An essential addition to the growing field of Mexican indigenous studies, The Learned Ones: Nahua Intellectuals in Postconquest Mexico breaks ground not only for the important recovery work it accomplishes, but also for the dialogue Kelly McDonough establishes as fundamental to the interlocution of indigenous language and knowledge. Throughout this outstanding text, McDonough enacts a unique ethnographic approach that juxtaposes first-person, contemporary Nahuatl-language text with superb literary and historical research covering over five centuries of Nahua intellectual production.

This ambitious book accomplishes two important objectives. The first reconstructs a continuous intellectual tradition of indigenous Nahua knowledge from the sixteenth century to the present day. In the chapters treating this topic, McDonough examines the Nahua linguistic work of indigenous Jesuit priest Antonio del Rincón (1566–1601); Tlaxcalan community histories created by seventeenth century intellectual Juan Buenaventura Zapata y Mendoza; the politically complex career and writings of Faustino Galicia Chimalpopoca (1822–77); Luz Jiménez's (1897–1965) testimonial texts and personal recounting of the Mexican Revolution; and the writing, performance, and art of Idelfonso Maya Hernández (1936–2011).

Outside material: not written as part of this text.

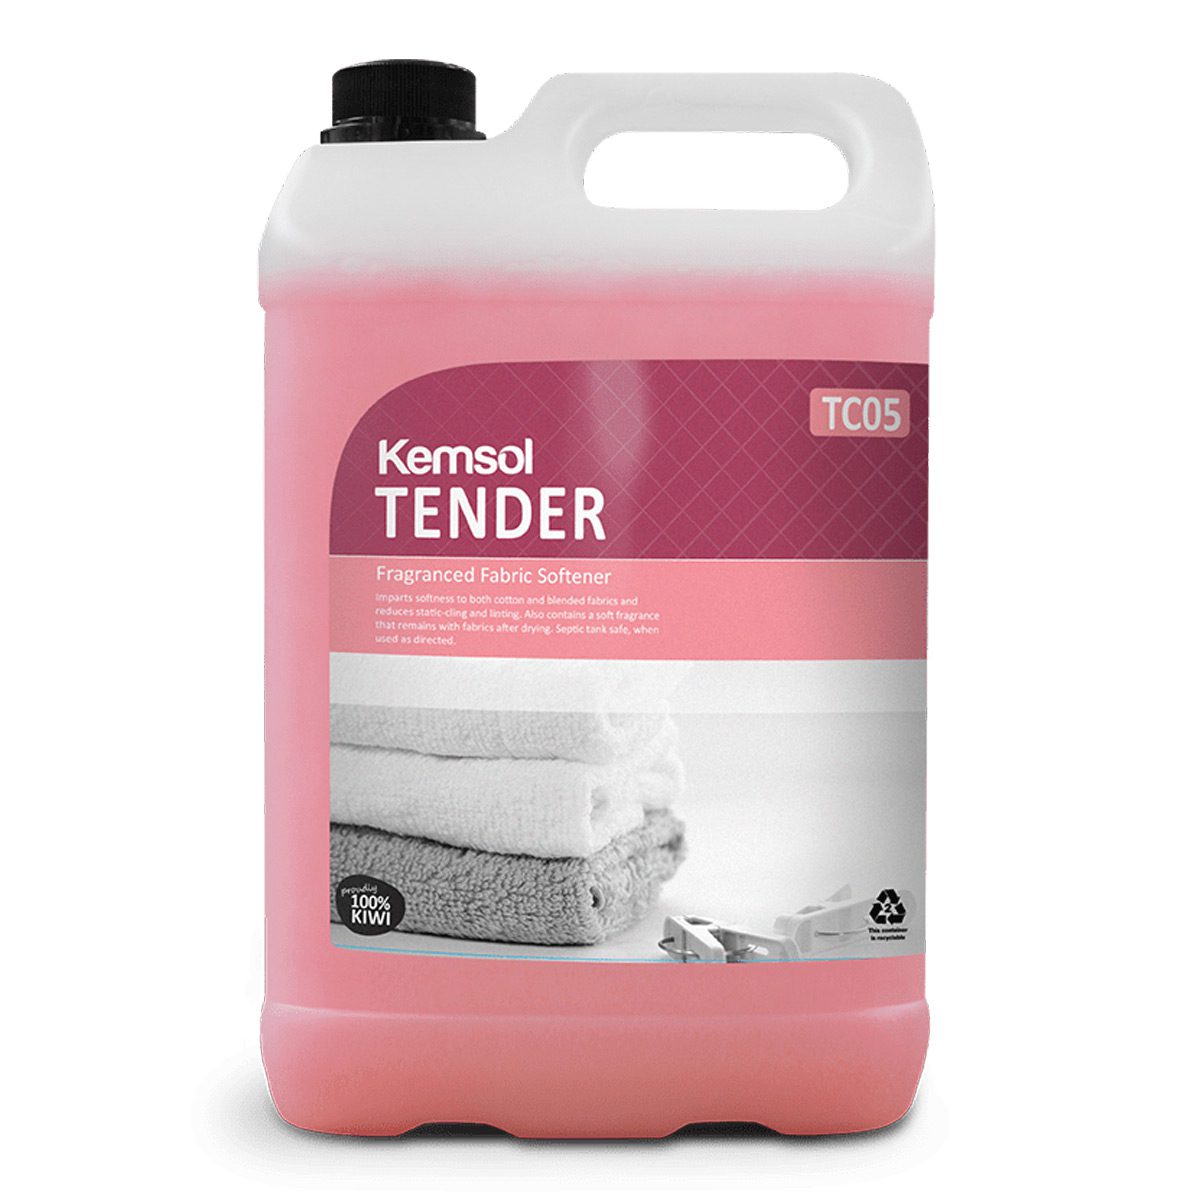 cleaning-products-laundry-kemsol-tender-fabric-softener-5L-litre-softness-cotton-blended-fabrics-reduces-static-cling-linting-soft fragrance-remains-fabrics-after-drying-vjs-distributors-KTEND

Interspersed between these chapters are shorter entries comprised of Nahua-language accounts of indigenous language suppression and recovery shared by Refugio Nava Nava, Victoriano de la Cruz Cruz, and Sabina Cruz de la Cruz (English-language translations accompany). McDonough provides further context for contemporary Nahua language engagement through her exploration of the IDIEZ Project (Zacatecas Institute for Teaching and Research in Ethnology) in which she notes the institute's pivotal role as an "advanced degree program at [End Page 723] a university in Mexico that utilizes indigenous language and/or cultural values as the vehicle and framework to study that language and culture" (61). The Learned Ones's unique organization and content are the outward manifestation of a reflective process McDonough elaborates and contextualizes in the chapter on Luz Jiménez. McDonough explains in the chapter the bridging principles that guided her research, describing Reading Circles in which she and indigenous readers collaborated in reading Nahua texts: "Reading Circles were a space to begin a practice of dialoguing with and learning from a people that have traditionally been talked at and written about" (27). This posture of interchange and mutual learning characterizes The Learned Ones, and is the book's extraordinary and paradigm-shifting contribution to the field.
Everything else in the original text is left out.